The 3 months correlation between Ideanomics and Deere is 0.2. Overlapping area represents the amount of risk that can be diversified away by holding Ideanomics and Deere Company in the same portfolio, assuming nothing else is changed. The correlation between historical prices or returns on Deere Company and Ideanomics is a relative statistical measure of the degree to which these equity instruments tend to move together. The correlation coefficient measures the extent to which returns on Ideanomics are associated (or correlated) with Deere. Values of the correlation coefficient range from -1 to +1, where. The correlation of zero (0) is possible when the price movement of Deere Company has no effect on the direction of Ideanomics i.e., Ideanomics and Deere go up and down completely randomly.

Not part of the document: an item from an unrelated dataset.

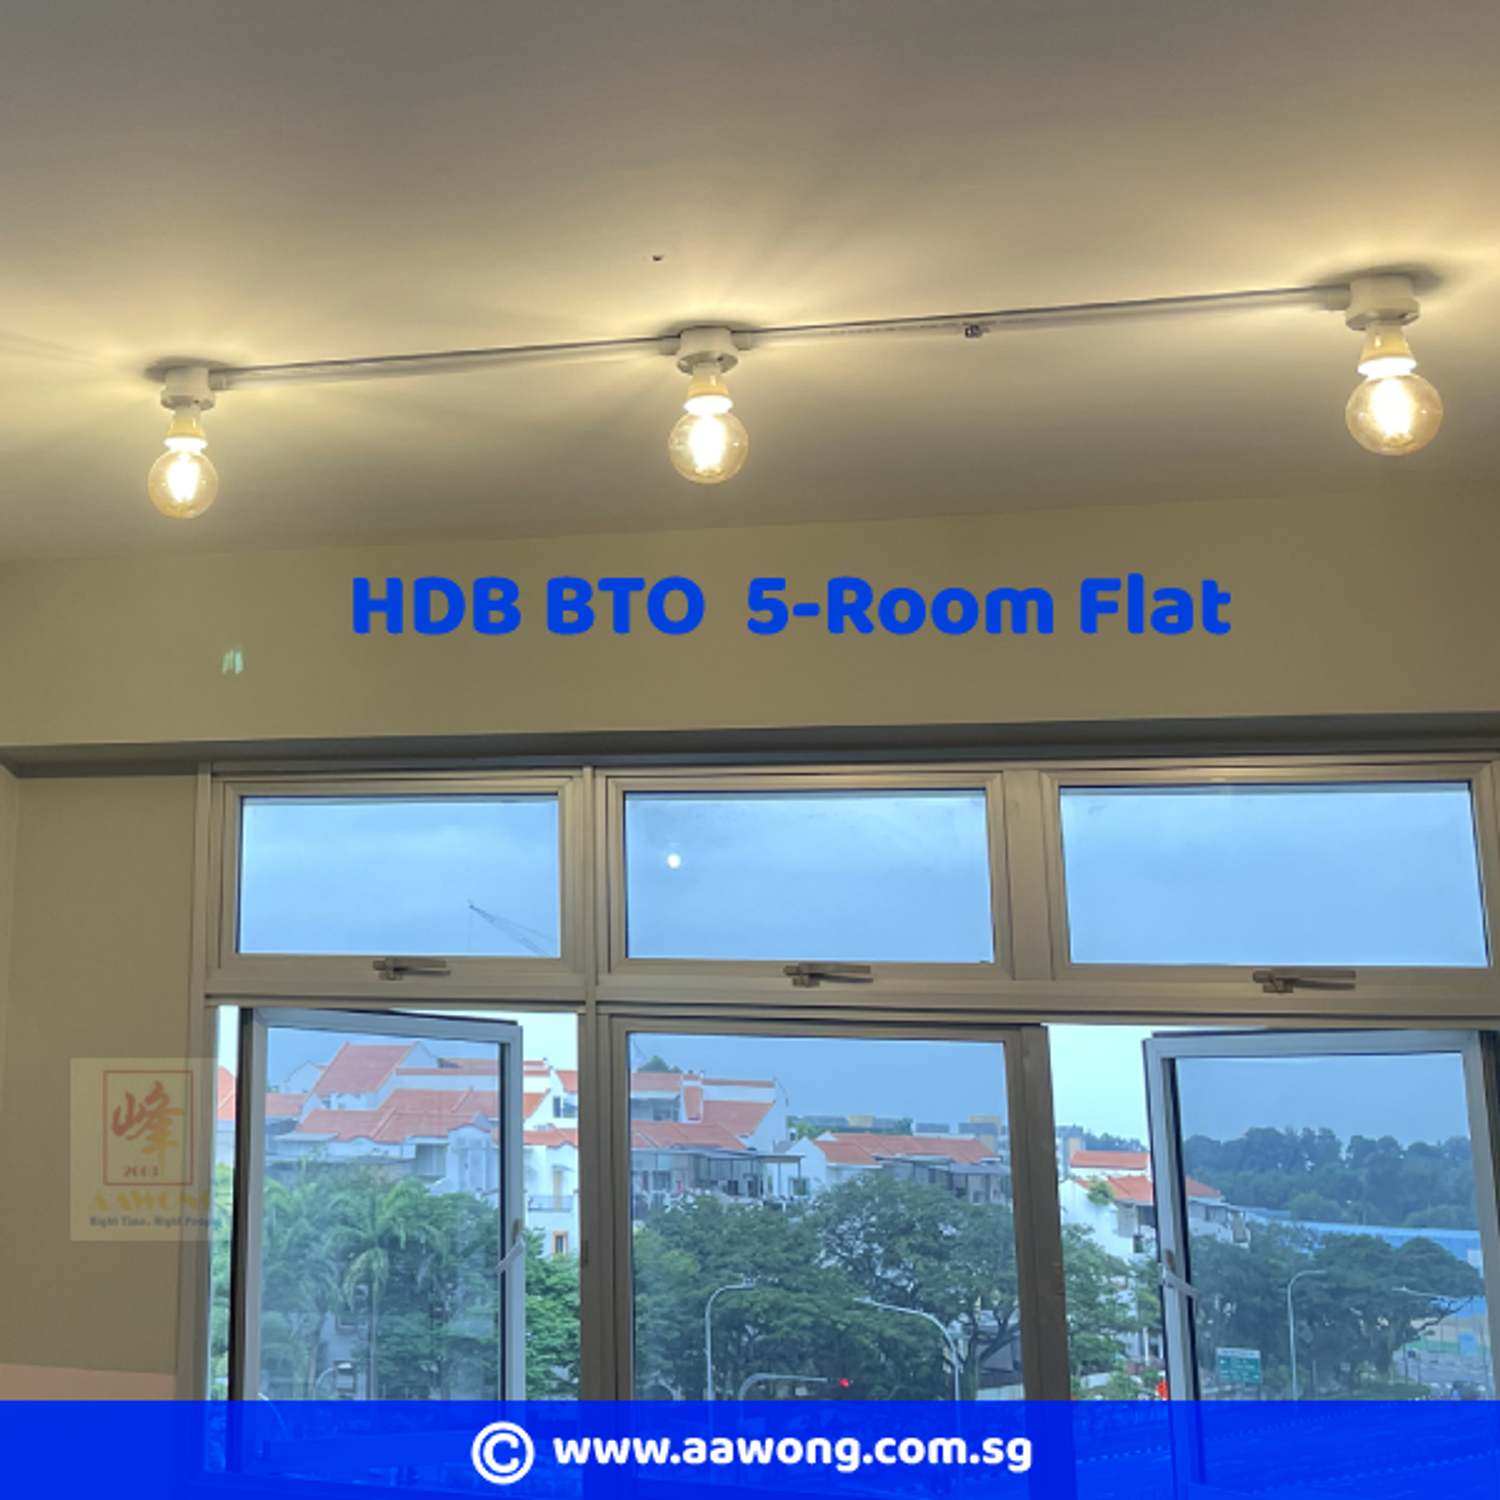 AAWONG Engineering - Bedok South Blk153A – Aircon and Electrical Project

Pair Corralation between Ideanomics and Deere

Given the investment horizon of 90 days Ideanomics is expected to generate 36.96 times more return on investment than Deere. However, Ideanomics is 36.96 times more volatile than Deere Company. It trades about 0.15 of its potential returns per unit of risk. Deere Company is currently generating about 0.1 per unit of risk. If you would invest  10.00  in Ideanomics on September 18, 2024 and sell it today you would lose (9.80) from holding Ideanomics or give up 98.0% of portfolio value over 90 days.
Time Period3 Months [change]
DirectionMoves Together 
StrengthVery Weak
Accuracy98.44%
ValuesDaily Returns

Ideanomics  vs.  Deere Company

 Performance 
       Timeline  
Ideanomics 

Risk-Adjusted Performance

11 of 100

 
Weak
 
Strong
Good
Compared to the overall equity markets, risk-adjusted returns on investments in Ideanomics are ranked lower than 11 (%) of all global equities and portfolios over the last 90 days. In spite of fairly unsteady technical and fundamental indicators, Ideanomics showed solid returns over the last few months and may actually be approaching a breakup point.
Deere Company 

Risk-Adjusted Performance

7 of 100

 
Weak
 
Strong
OK
Compared to the overall equity markets, risk-adjusted returns on investments in Deere Company are ranked lower than 7 (%) of all global equities and portfolios over the last 90 days. In spite of rather unfluctuating technical and fundamental indicators, Deere may actually be approaching a critical reversion point that can send shares even higher in January 2025.

Ideanomics and Deere Volatility Contrast

   Predicted Return Density   
       Returns  

Pair Trading with Ideanomics and Deere

The main advantage of trading using opposite Ideanomics and Deere positions is that it hedges away some unsystematic risk. Because of two separate transactions, even if Ideanomics position performs unexpectedly, Deere can make up some of the losses. Pair trading also minimizes risk from directional movements in the market. For example, if an entire industry or sector drops because of unexpected headlines, the short position in Deere will offset losses from the drop in Deere's long position.
The idea behind Ideanomics and Deere Company pairs trading is to make the combined position market-neutral, meaning the overall market's direction will not affect its win or loss (or potential downside or upside). This can be achieved by designing a pairs trade with two highly correlated stocks or equities that operate in a similar space or sector, making it possible to obtain profits through simple and relatively low-risk investment.
Check out your portfolio center.
Note that this page's information should be used as a complementary analysis to find the right mix of equity instruments to add to your existing portfolios or create a brand new portfolio. You can also try the Options Analysis module to analyze and evaluate options and option chains as a potential hedge for your portfolios.